We feel pretty good right now. It's hard to wait and feel like we're doing nothing, and we're not sure if we want to stay with our oncologist. I think she's a capable researcher and doctor, but she's not warm, caring, or invested in us, and Imogen's cancer is not her specialty. Pray for us with that decision.  Also, we are open to your advice and suggestions with this, if any reader has any experience with this kind of thing. Every other cancer parent we've talked to has said, YOU SHOULD LOVE YOUR ONCOLOGIST.  Frankly, we don't.

In happier news, Imogen's head is fuzzier every day. When you go through chemo, your hair won't necessarily grow back with the same color or texture. It's actually one of the fun exciting aspects of recovery.  I'm open to taking bets for the following:

How will Imm's hair grow back?

My guess changes depending on the angle and the day. Yesterday, it looked quite dark. But she's noticing, and is adorable when she talks about it. Tonight, while she was taking a shower, she asked mom for some shampoo, because she said she has hair again; aaand, commence waterworks. I won't forget that moment for a long time.  Here are a couple shots so you can see it!

Update 1/2 :: New

All of us every single year, we're a different person. I don't think we're the same person all our lives.

-Steven Spielberg

I can't tell you how glad I am that I was able to take a break from updating during the holidays.  Not because I don't enjoy writing and sharing, but because there was no emergency or unexpected hospital visit. In fact, it was quite perfect, and an excellent rest.

Imogen and Aaron are covered in dolls and toys and gifts from Christmas, and Tammy and I are scheming and figuring out which toys we can secretly get rid of. We're working on a formula to weigh:

• The amount of joy said toy brings 
• The degree of dependency on mom and dad
• The likelihood of it destroying our house at some point

In other words, goodbye to you, cotton candy machine, and all your sugar-spraying chaos. 

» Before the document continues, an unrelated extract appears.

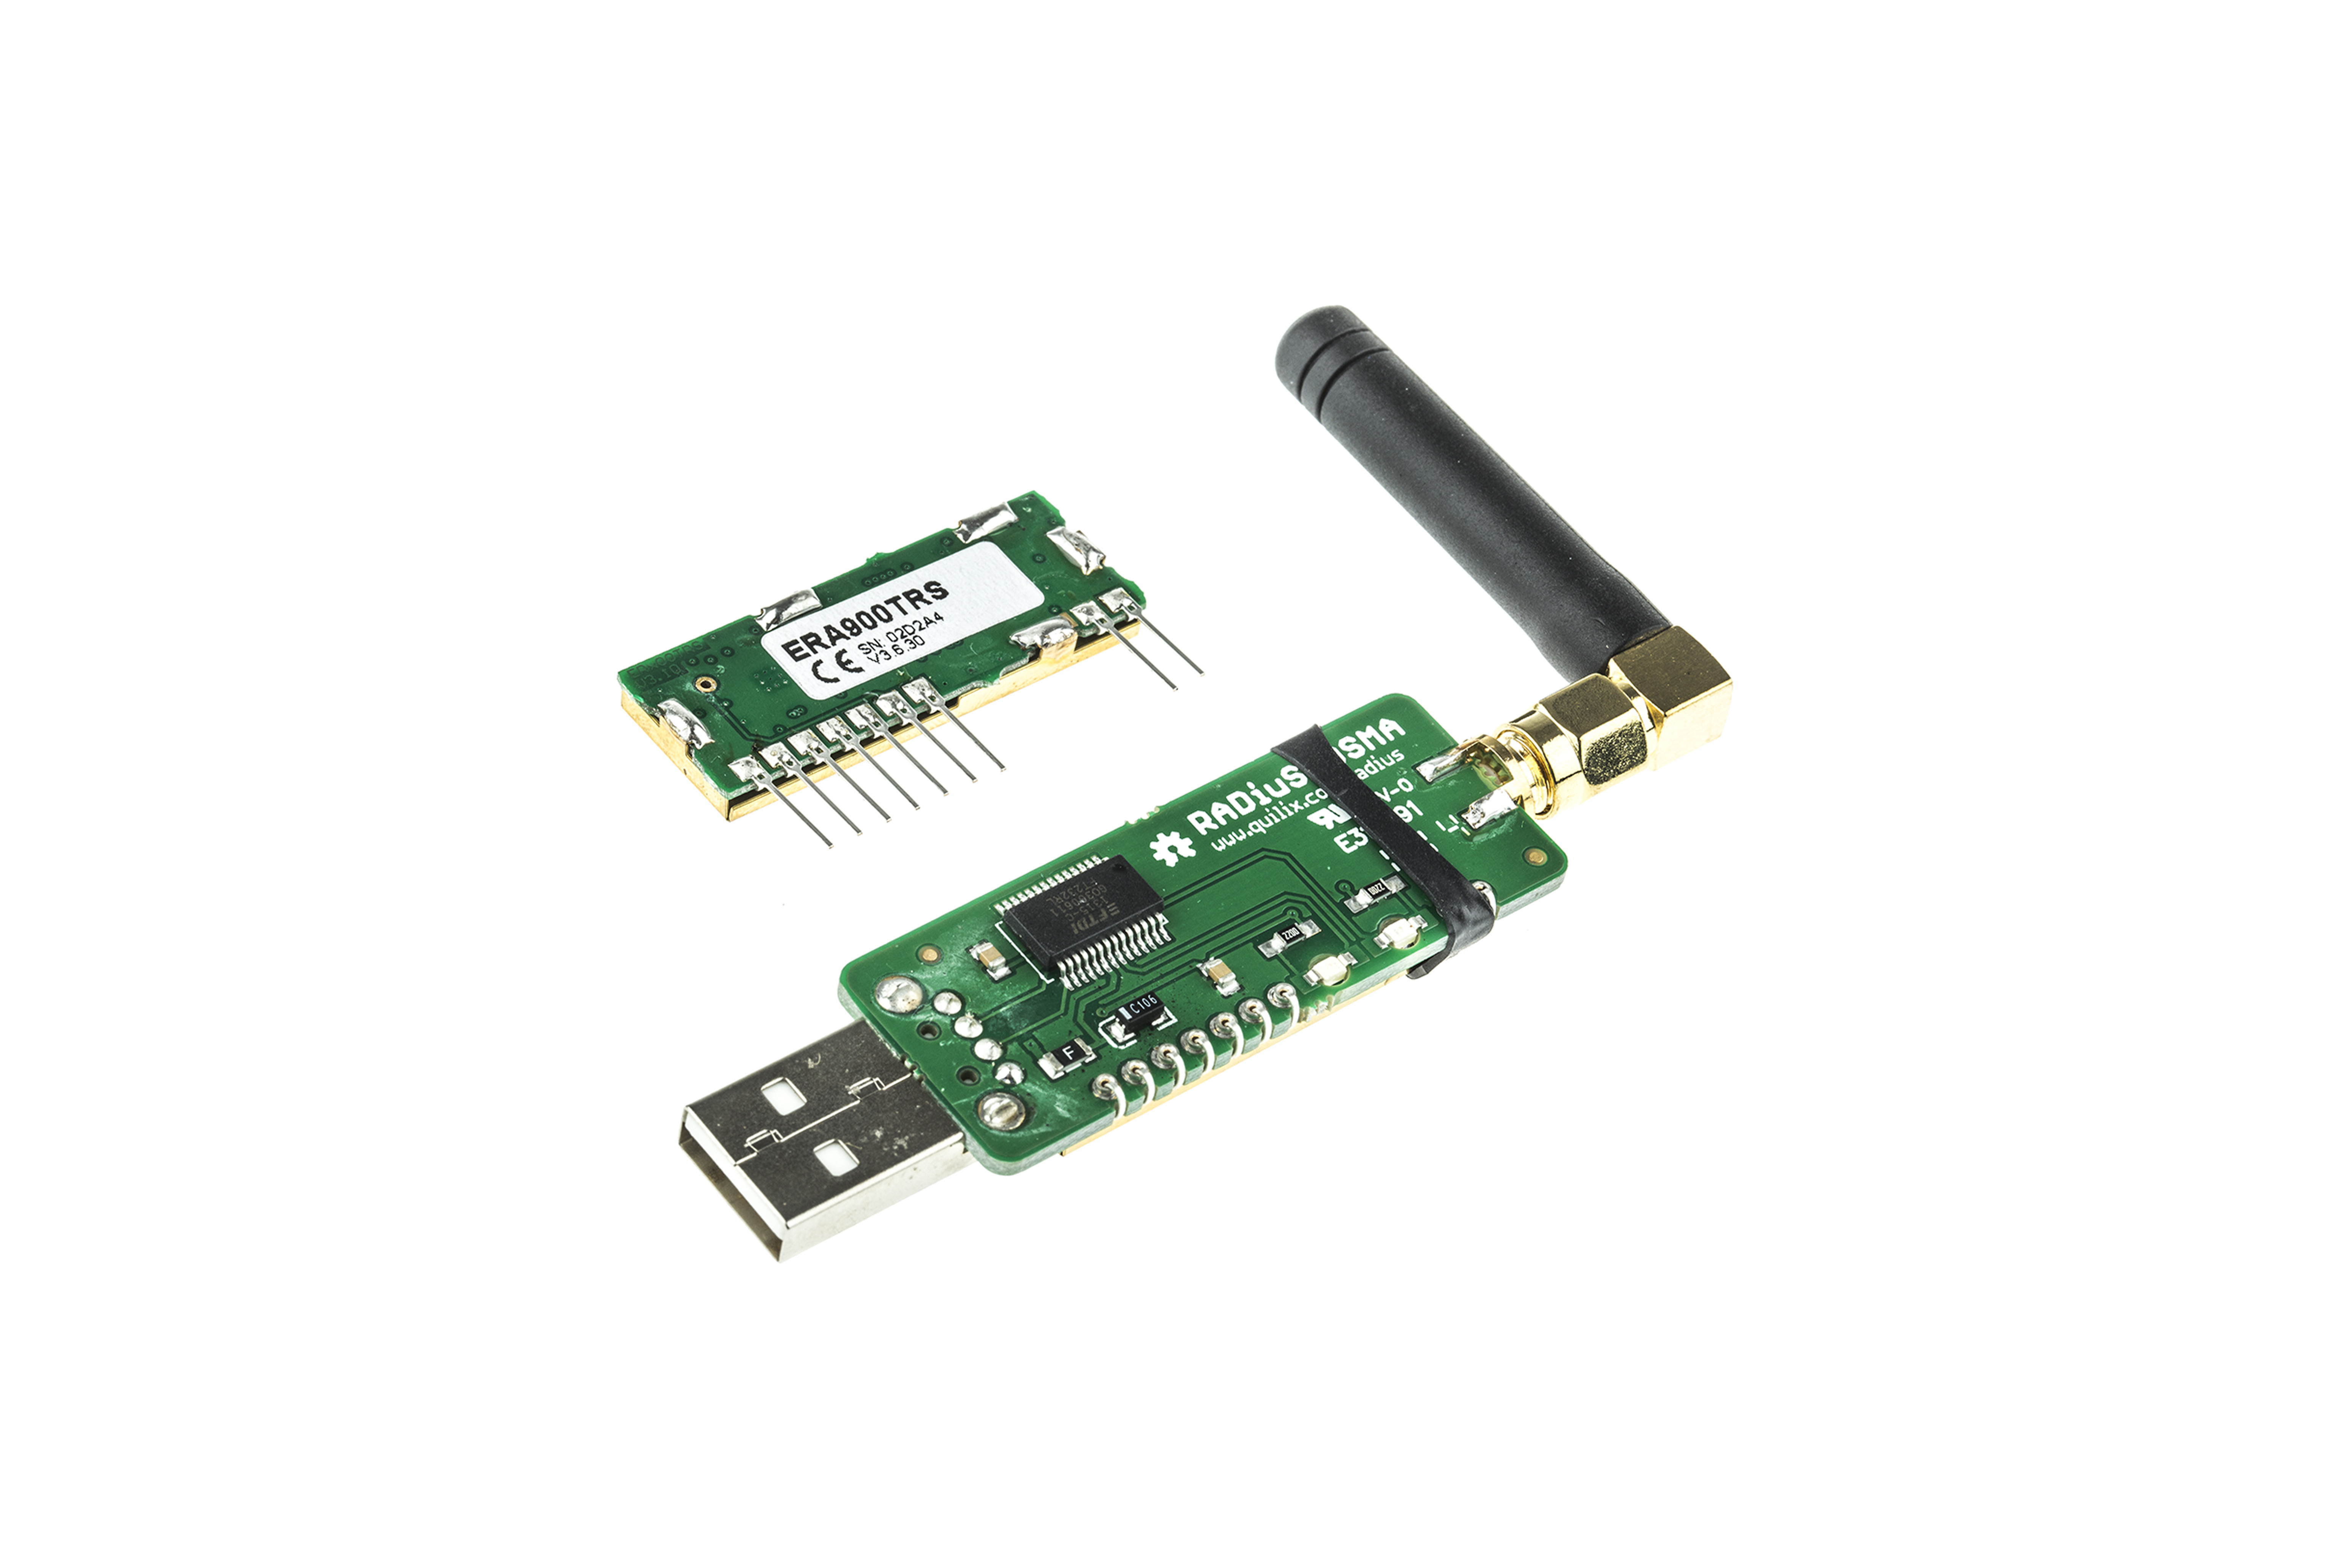 ERA900TRS EN CONNECT2-PI USB 868 MHZ KIT

As far as an update, we met with our oncologist for a couple of hours on Monday, to talk about the next year.  We asked questions and entertained what ifs, and some of those were actually answered.  Here's what our 2014 looks like: 

• Tomorrow, we begin our meetings with a urologist to see if there are any issues caused by the tumor.
• In February, we have our next MRI and PET scan. The MRI will be every 3 months, the PET once or twice a year.
• Also, Imogen will be doing her post-chemo echocardiogram. (Chemo can damage your heart; this one will be compared to the baseline we did before chemo to make sure there are no problems)

Celebrate what you want to see more of.

-Tom Peters

2013 was tough. It had an unspeakable amount of blessing, of course, and there's so much to be thankful for. But I don't think it'd surprise you to hear that 2013 was the worst year of our lives, for some obvious reasons, and others that will remain obscured.

But let me put on my philosopher hat for a moment, will you? I really only have one piece of advice: 

Wipe.

In addition to the practical application (which I do encourage for 2014, by the way), I'd encourage it in your relationships. Wipe the slate clean. Be willing to start over. Don't give up on people, and learn to see them the way God sees them.

When I look at 2013, particularly with Imogen, there's plenty I want to leave in the past. Like chemo. No thanks, I'm more than happy to keep that out of our 2014. So, leave your poison in the past. As far as it depends on you, live in peace.

Hat off. Thanks for that. From my family to yours, happy new year. And here are some cute pics of Imm and Aaron over the break.